A Universal History of Iniquity, Jose Luis Borges
Fictions, Jose Luis Borges
Artificies, Jose Luis Borges
The Aleph, Jose Luis Borges
The Flamethrowers, Rachel Kushner
Cometbus 58, Aaron Cometbus
Comix School 6, Kevin Huizenga
Comix School 7, Kevin Huizenga
Angel of a Rope, Adam Buttrick
Now 1, ed. Eric Reynolds – Some really smart and interesting sequencing choices here. I’m always torn at editorial choices in anthologies than draw attention to themselves or are clever, but it works well here in my opinion. Underlines connections between the stories that already exist.
The Labyrinth, Saul Steinberg
Kept putting off the October entry so now I’m combining it with November.
Over the past several weeks I’ve become increasingly less interested in sharing my work online. At least for now. I hope I can say that without dismissing the people who have read my work in the past, all of whom I appreciate very much. I just feel more comfortable right now burrowing away, staying quiet, listening and reading – working hard and trying to emerge with something interesting. It’s important for me to keep reading perspectives different from my own, which is something I value a great deal about social media, so I definitely won’t disengage completely. But trying to pull back.
I’m going to finally build myself a real website in the next month. A nice, simple corner of the Internet where I can live in peace and quiet when I want.
I did have a few really nice phone calls with comics friends this month. What a revolutionary idea! Call your friends on the phone! It’s generally much better that sending them funny jokes on Twitter!
I wish I had more patience and self-control. This applies to many areas of my life, but it certainly applies to comics.
I need to read more. I’ve been struggling with the idea that this is a valuable use of my creative time – which of course it is, and especially so when time I would spend reading is instead devoted to staring at my phone or playing videogames. Again, wishing for more self-control here. It does help to have books that I enjoy; I got through the Borges and Kushner quickly once I had my hands on them.
I spend several weeks in these two months on a few stories that I’m happy with. I’m working very dense, trying to cut out all the fat, telling stories in 10 tight pages instead of 40.

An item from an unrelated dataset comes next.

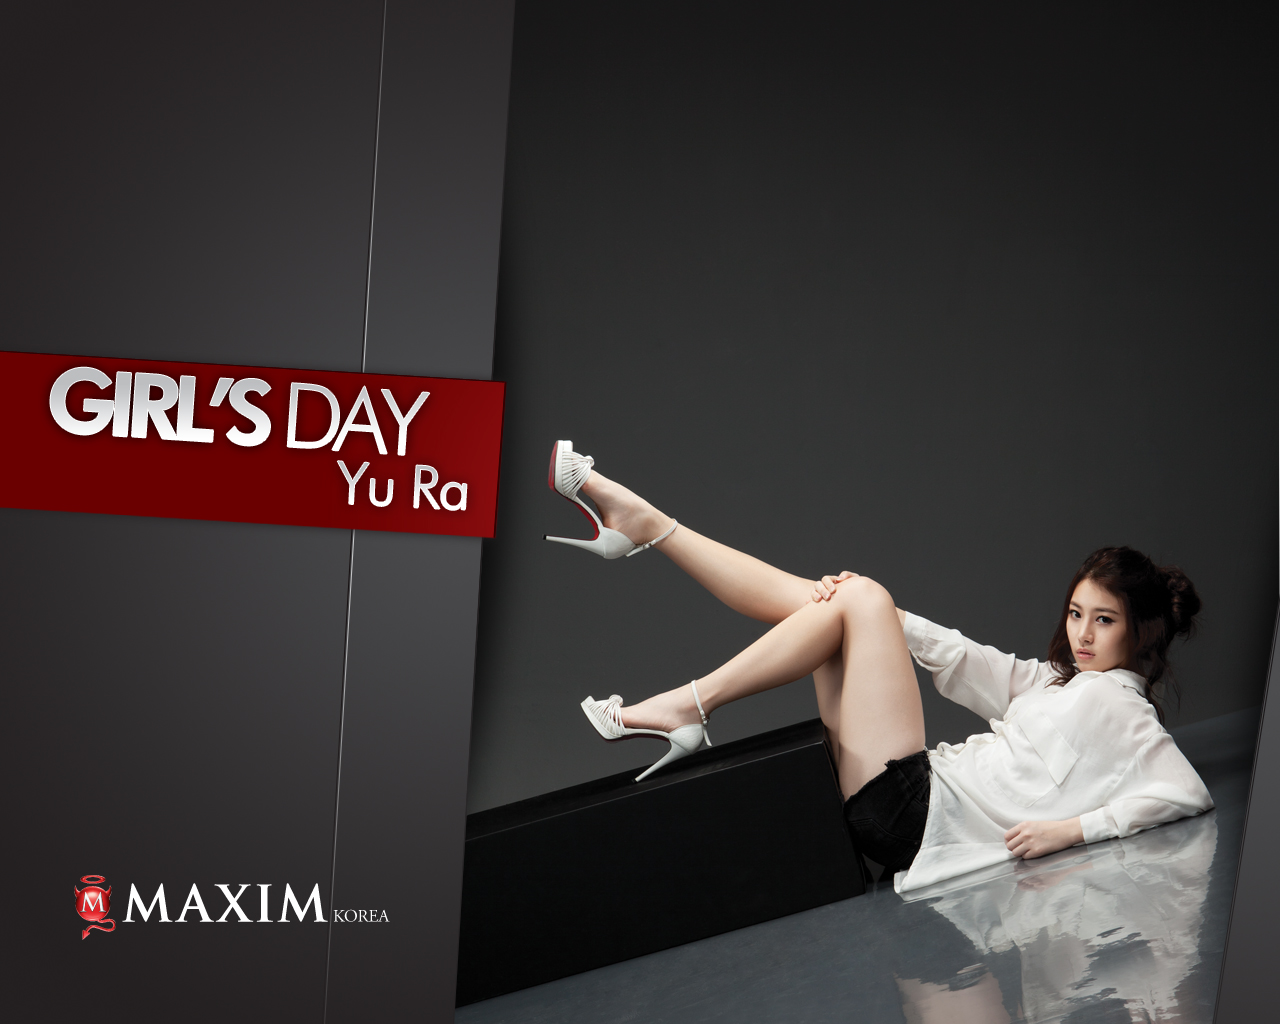 Wallpapers Girl S Day Maxim Korea Kpop Girls Clothing Brand Korean X ...

In late November I started a daily practice of drawing, notetaking, and making short comics – after skipping 30 Days of Comics for the first time since I began doing it in 2012, just because I couldn’t think of a good constraint! I don’t plan to keep at this forever, but I’ll stick with it throughout December and hope it will lead me to some interesting places. Having a daily task is a good way to keep myself doing these activities. I’ll report back with my progress.
I also went to Paris in November, was gutted to just miss David Hockney at the Pompidou but caught a Gaugin exhibition with a strong focus on his printmaking. It led me to think about applying printmaking to comics in a way I’m not sure I’ve seen done before, so I’m going to give that a try next. Kevin Huizenga on Seth’s stamp diaries will give you some sense of what I’m going for. Of course I bought some comics while I was there as well; most interestingly, I found used copies of two Ego Comme X anthologies and one Frigobox. The Ego Comme X were worth it for 60+ pages of uncollected Fabrice Neaud (including Emile, arguably best viewed as a coda to Journal) and were otherwise remarkable for how astoundingly better Neaud is than everyone else in the books outside of Aristophane. This places Neaud’s anger and arrogance in parts of Journal in a different light; he’s…not unjustified to feel like he’s better than everyone else. At least in terms of his comics, when compared to his Ego peers, he clearly is.
The Frigobox is also interesting – I hope to write about these books if I can make time, largely to get on paper in English more of this late-90s / early-2000s period in Franco-Belgian comics history from publishers that are not l’Asso.